Mt. Whitney

What’s Your Why?

I met him at the saddle. He said he was watching me. He thought I’d catch him at any moment. He was in yellow, and I was wearing my signature Caribbean blue. His name was Johnny: Samaara and Johnny, I said. We began leaping-frogging to Mt Whitney’s summit. He caught me, and it was his turn to lead.

We could see the 1909 rock house tantalizing us on Whitney’s summit. I told him that I’m going to turn back. I knew I could reach the top. I just wasn’t so sure I could make it back from the top. And the top is just the halfway point. I was truly on emply. Emotionally. Mentally. Physically.

Sometimes a Conversation With a Stranger Changes Everything

Johnny looked at me and asked me my ‘why.’ I smiled and told him that would be a tear-filled answer. He said that was fine.

So, I told him about my split with Ard and that our dog got sick. I told him how Ard said Theo and I could stay in the house. And then one day, he called and told me to leave as he brought in replacement dogs. And I told Johnny how I loved my dog, and that he and I traveled the world together. I explained that Theo was my hiking partner and that when he got sick, he could no longer do that. Tears flooded my eyes when I said that I never wanted to spend one minute without Theo.

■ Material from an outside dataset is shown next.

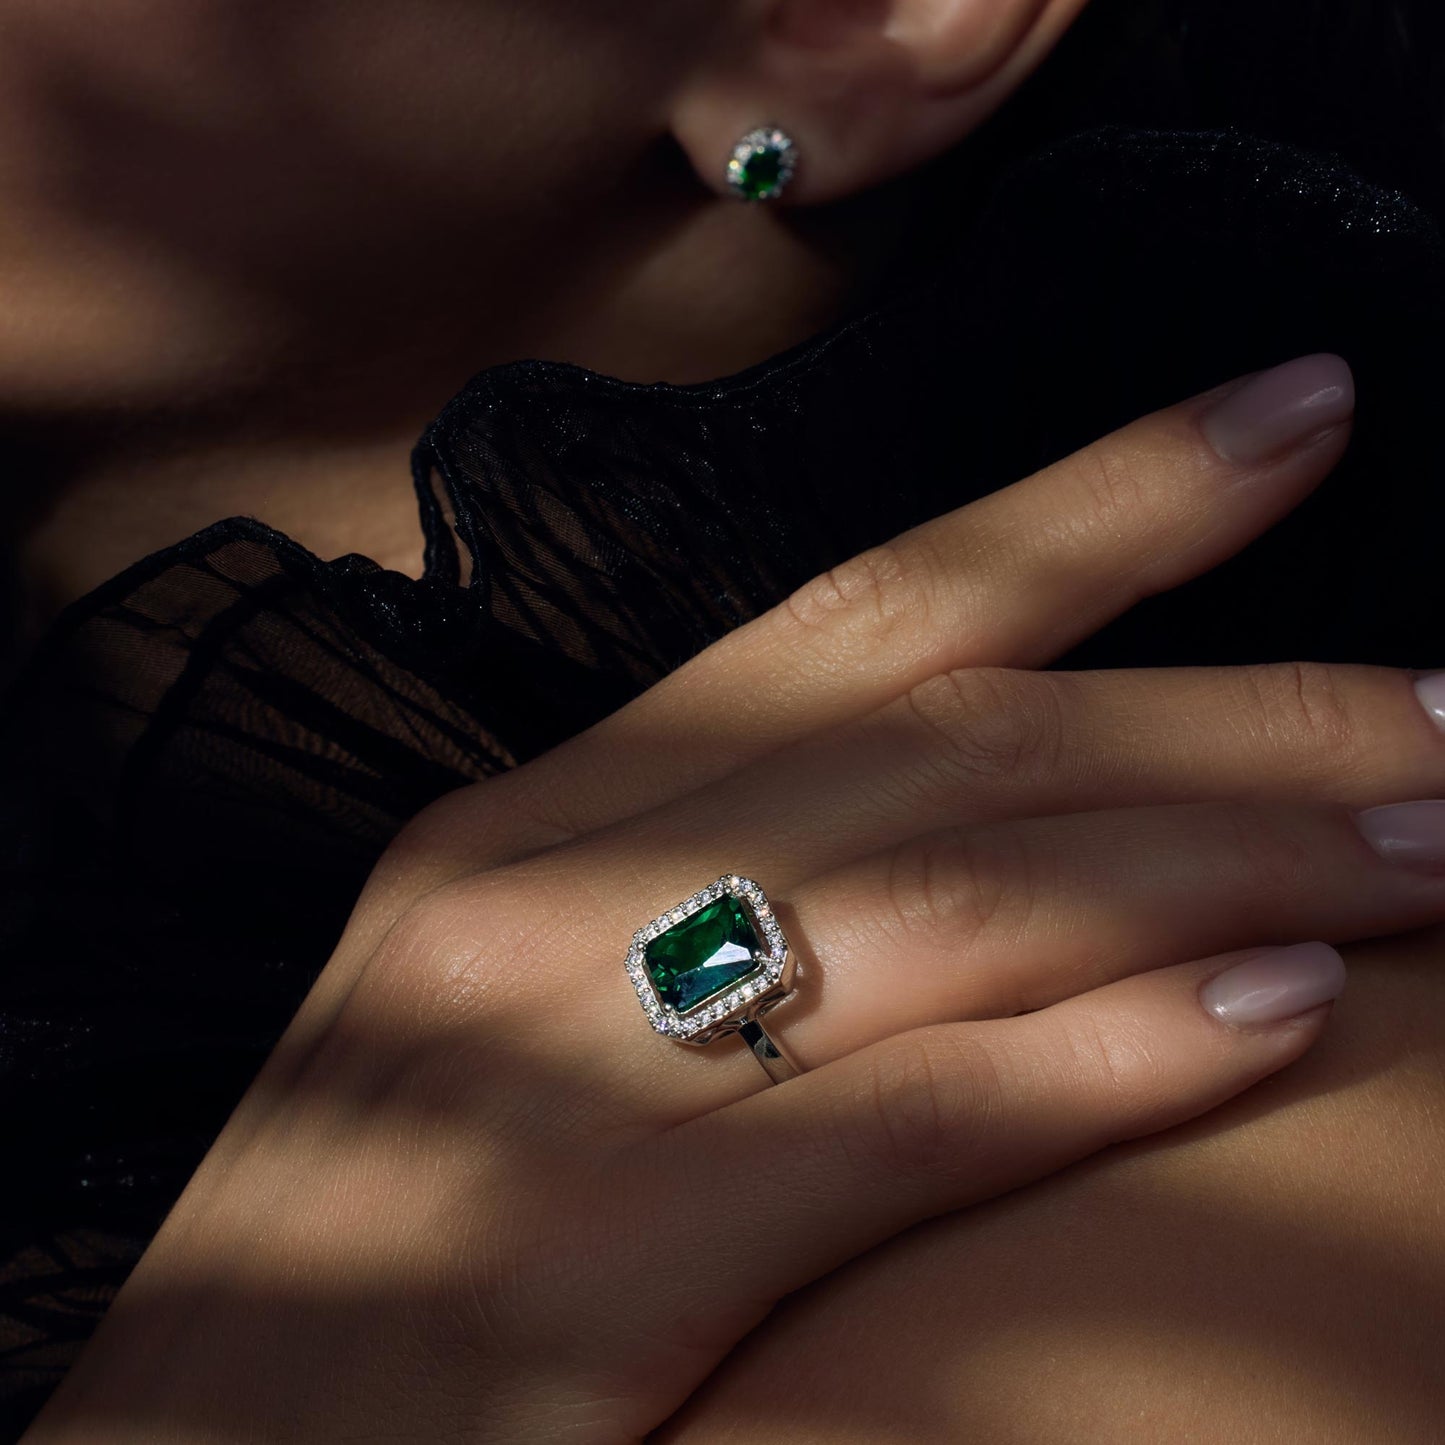 Mia Colore Verdi anello in argento sterling 925 con pietra zircone verde

I told Johnny how I held him close to me as he took his last breath, less than 3 weeks earlier. I told Johnny about my 26 lifetime surgeries, my cancer diagnosis, and the recovery. And that it was always me and Theo. …And I cried.

When the tears stopped enough to speak, I asked him for his ‘why.’

Johnny said that two years earlier, he had a massive back surgery, and the doctors told him he would never walk again. Two years to the actual day, we were sharing our whys at 13,600 ft.

And one foot in front of the other, and 2.5 hours later, we both stood on the top of Mt Whitney.

Time Heals

Time and distance have passed since that conversation. But as I look back, my story starts there. On the summit of Mt. Whitney. Forty years before I met Johnny and stood on Whitney’s summit, I stood in that exact same place with my mom and brother. It was my first big mountain.  I was 14. I have chased elusive summits all over the world. But unlike Whitney, which I’ve summited twice, I’ve never reached the top of any of the others.

It seems a bit trivial, but it’s everything. I gave up on myself at every opportunity because that is what I learned. And I also learned to run. But it never mattered how far I ran; my life always caught up with me.

Not this time. Because I am not running away. I’m running toward … toward a life I choose.